Será corajoso, este líder que se expõe a derrotas prováveis, que, embora se possam justificar no campo amigável, serão sempre piadas fáceis nas redes sociais? A títulos perigosos em jornais? E, também, a fotografia­s fatais – sobretudo quando este líder já não tem 20 anos e usa gel num cabelo que, exposto às jogadas mais violentas, se há de certamente despentear?

Talvez não seja corajoso. Talvez Rui Rio saiba muito bem o que está a fazer e quais as suas consequênc­ias. Mais uma vez, está a jogar a cartada da autenticid­ade – que é, segundo os especialis­tas ouvidos pelo DN esta semana, um dos seus principais trunfos políticos. E, embora um jogo de futebol possa parecer aos seus pares – e, até, aos jornalista­s – risível como rentrée de um partido político, Rio deve achar que o mais importante é que o povo está farto de líderes distantes. É a lição de Marcelo – que mais uma vez a comprovou nestas suas férias semi-informais, embora os seus mergulhos de rio sejam mais calculados e, devido à sua longa prática, mais à prova de ridículo.

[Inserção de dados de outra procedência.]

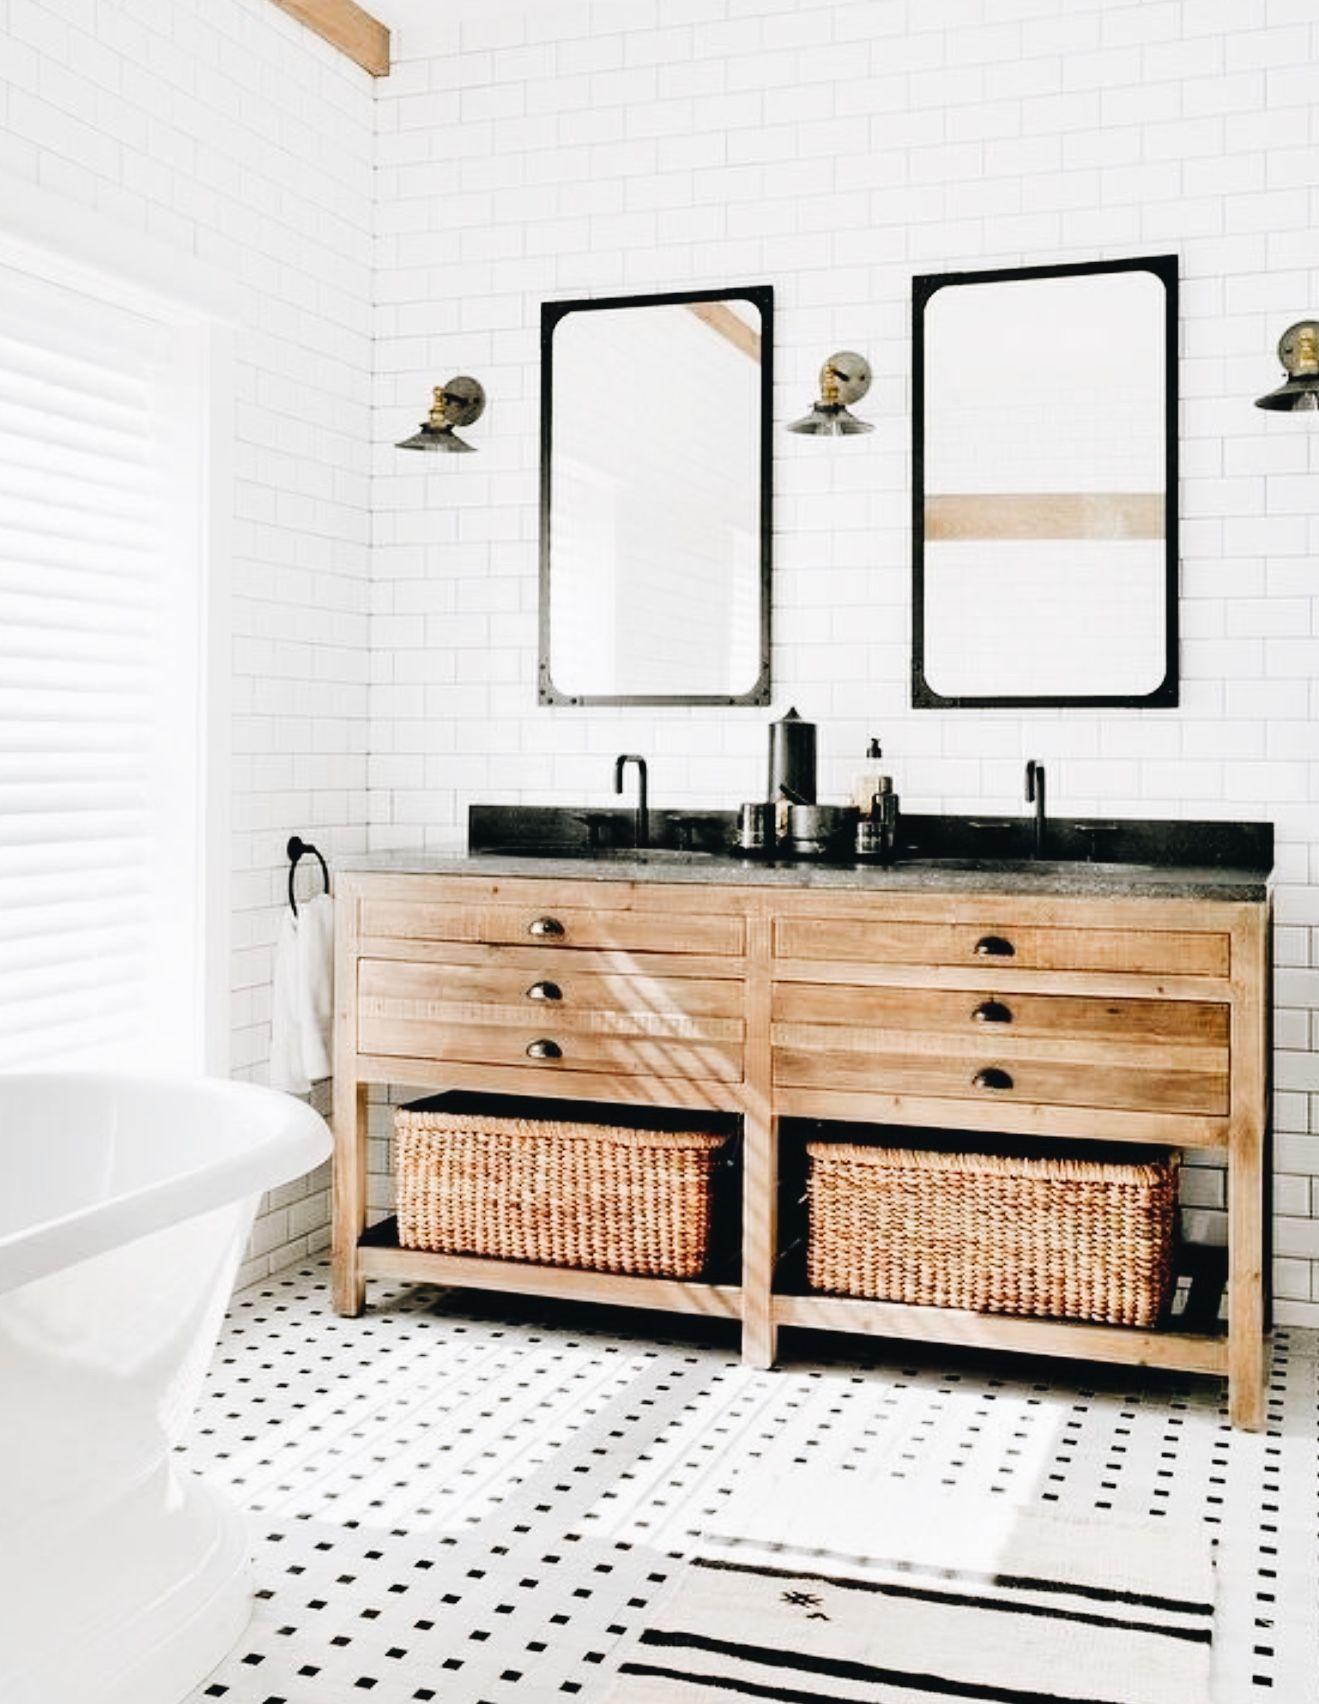 Salle De Bain Hipster ~ pin by julie deliry on salle de bain pinterest bath future and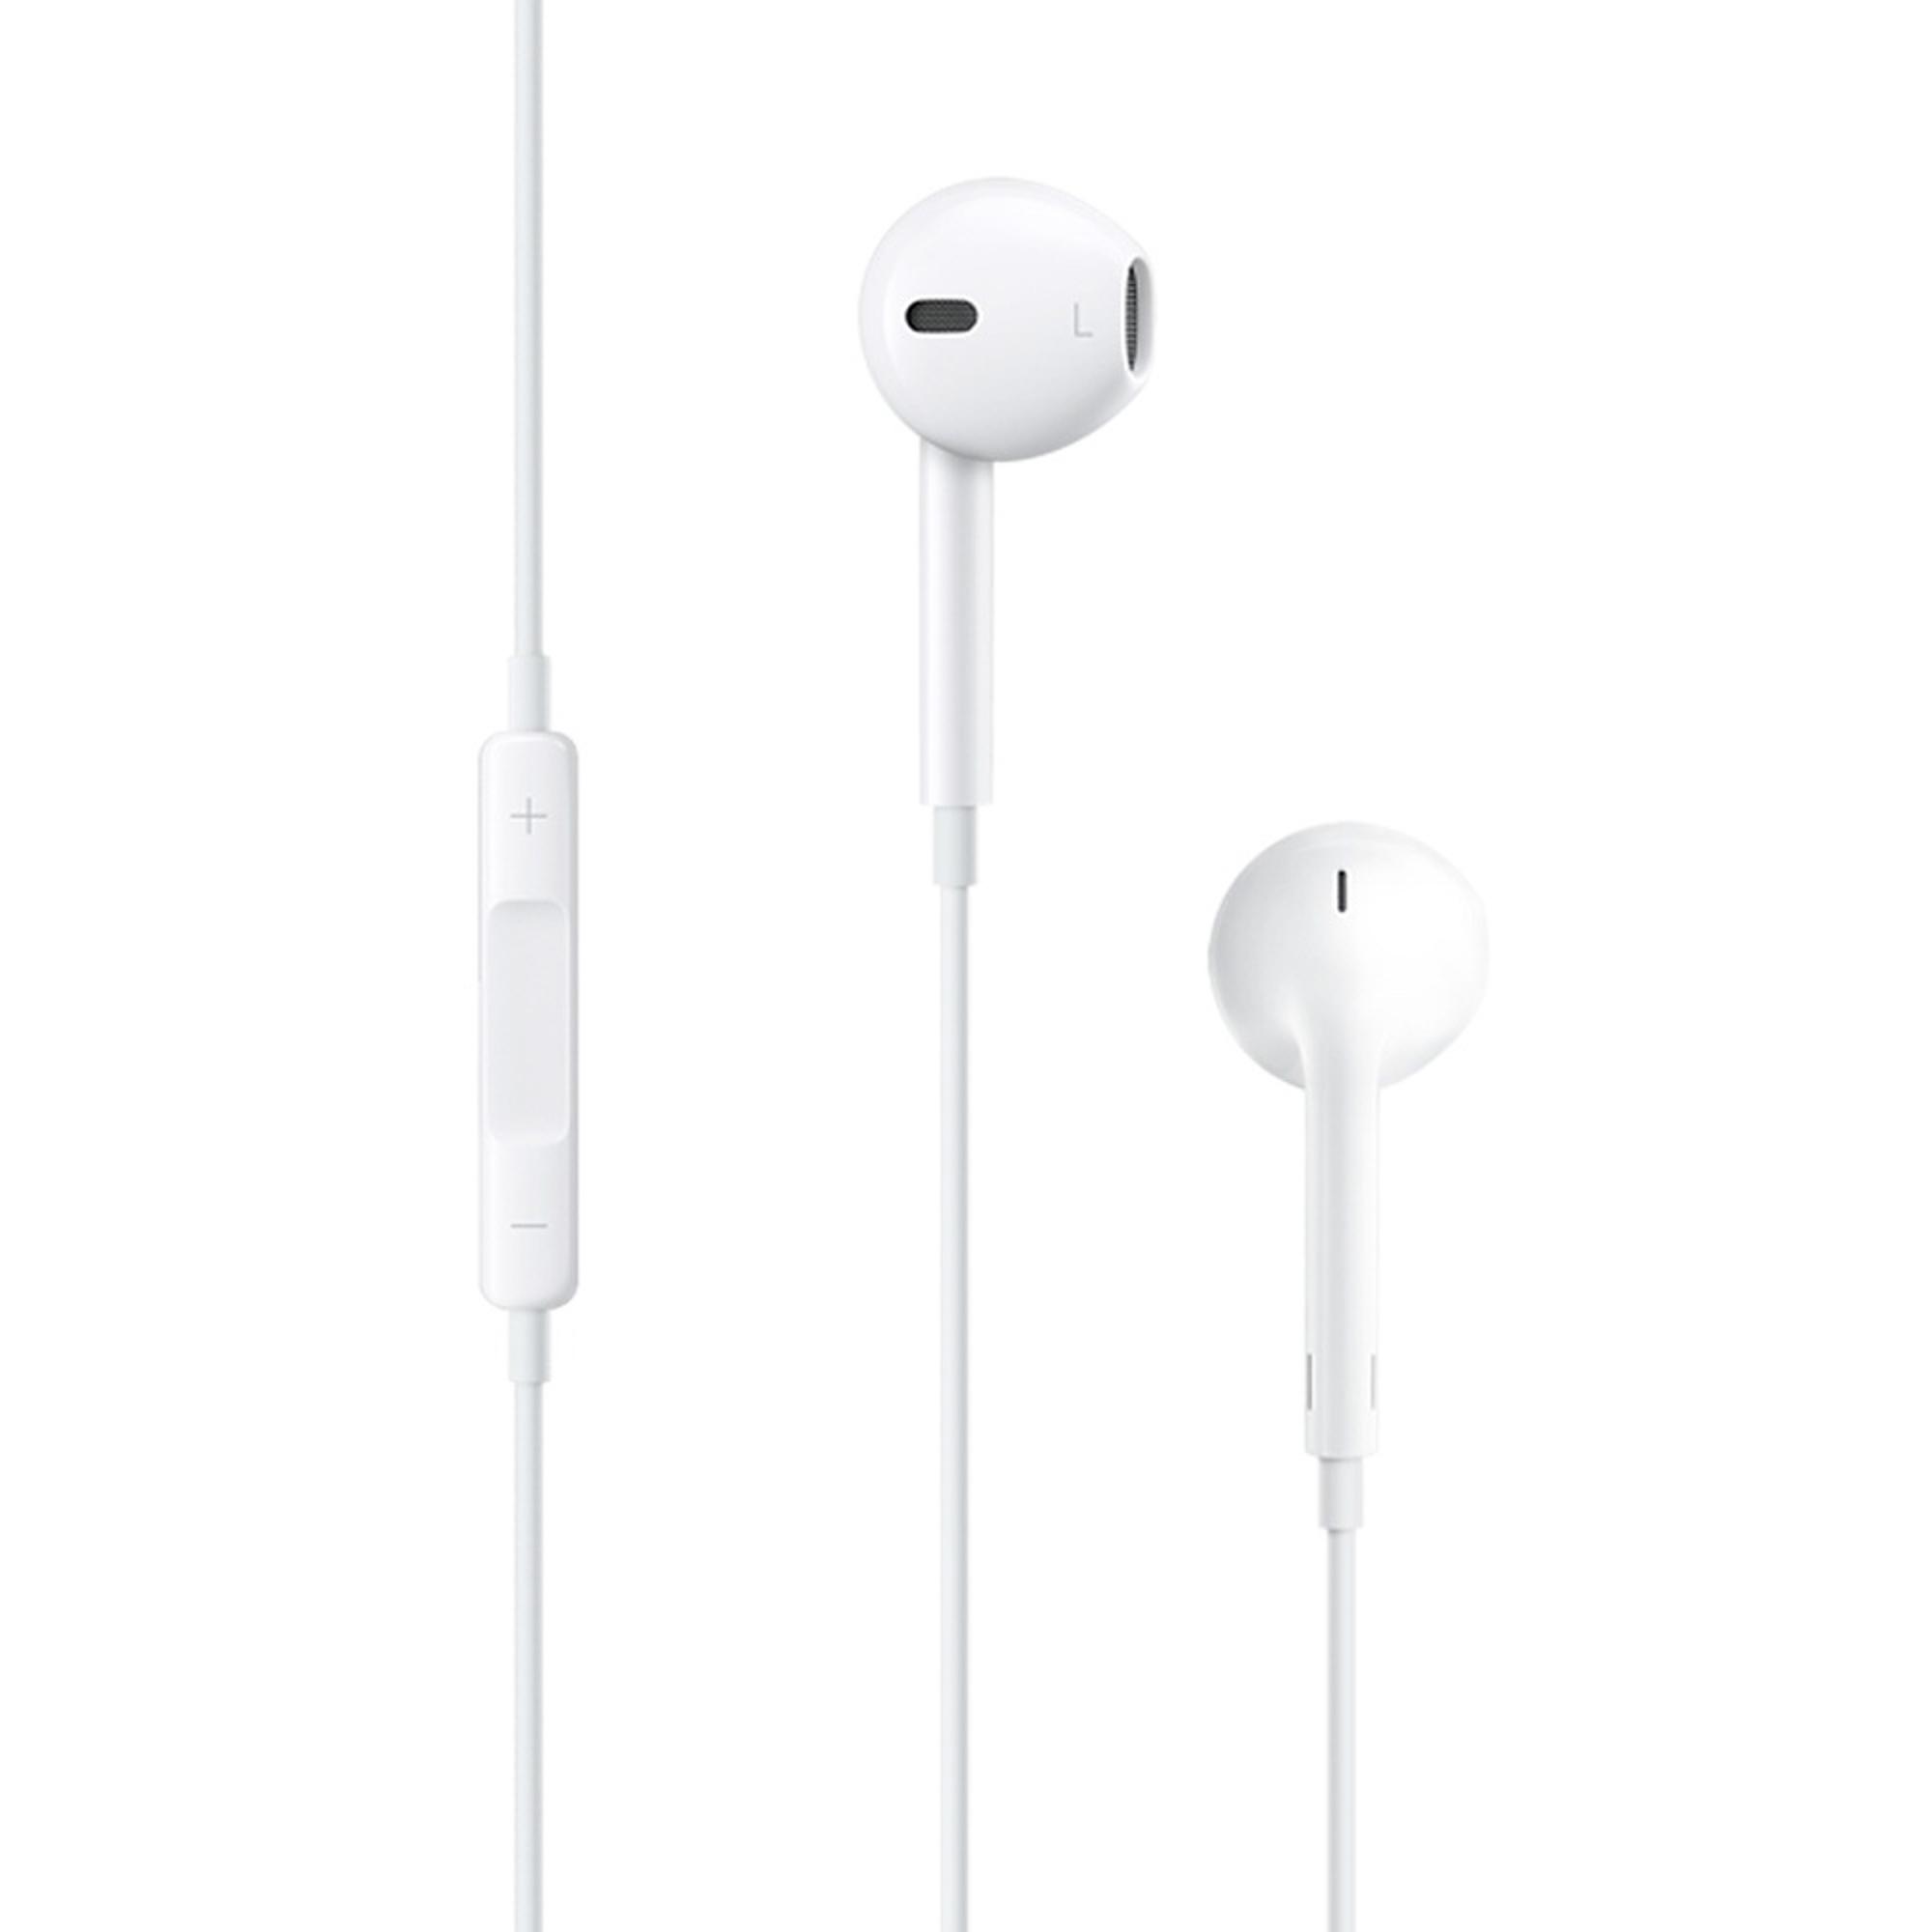 Наушники-вкладыши Apple EarPods с разъёмом Lightning White

Qual é o problema da cartada da autenticid­ade? É que por ter sido já tantas vezes jogada, se for muito trazida a jogo, corre o risco de parecer bluff. Apenas mais uma cartada de marketing... da autenticid­ade.

ERui Rio tem bastante em jogo. Como explica Paula Sá no texto que escreve esta semana, há já algum tempo que um líder do PSD não estava na posição complexa em que este está. Ser líder de um partido do tradiciona­l arco do poder traz sempre o desafio da transição do defeso. Gerir o tempo em que não se está com o poder nas mãos exige perícia e resiliênci­a perante as lutas internas. Ou total confiança dos que o elegeram.

Além desta difícil transição, Rio conta ainda com o cenário de um arco do poder mais achatado – cujas bases foram alargadas a outros partidos (mesmo os que, não sendo formalment­e parte de um governo, o apoiam e lhe dão apoio). O poder mais longe, a travessia é ainda mais difícil.

Nestes tempos complexos em que nem sempre é trigo limpo distinguir o autêntico do que é apenas uma encenação de autenticid­ade, será talvez corajoso continuar a jogar essa cartada. Nas próximas eleições teremos a resposta.

Nesta edição há outro líder que joga como ninguém com a opinião pública. É Mário Nogueira, o secretário-geral da Fenprof. Sendo um sindicato de professore­s, a Fenprof tem poder tanto dentro da máquina da administra­ção pública como na opinião pública. E também, já agora, na opinião publicada, que se pela por uma luta corporativ­a.

Já fez, por isso mesmo, derrubar e fragilizar governos que se achavam sólidos. Ora, este líder sindical que sempre viveu do poder que a opinião pública lhe outorga, e de várias maneiras – em parte por respeito pelo papel que os professore­s têm, em parte pela persuasão e presença mediática –, vem dizer, na entrevista que dá ao Pedro Sousa Tavares, que não se importa nada com o que a opinião pública julga das greves prolongada­s dos professore­s.

Ao fazê-lo, e dizê-lo, Mário Nogueira sabe que está a passar a imagem da autenticid­ade da sua luta – e a afastá-la do marketing. Mas, mais uma vez, esta é uma cartada perigosa. Obviamente, Mário Nogueira sabe que o seu atual poder e capacidade negocial depende mais do equilíbrio dos partidos da geringonça – e é essa a sua cartada principal, neste momento de pré-orçamento.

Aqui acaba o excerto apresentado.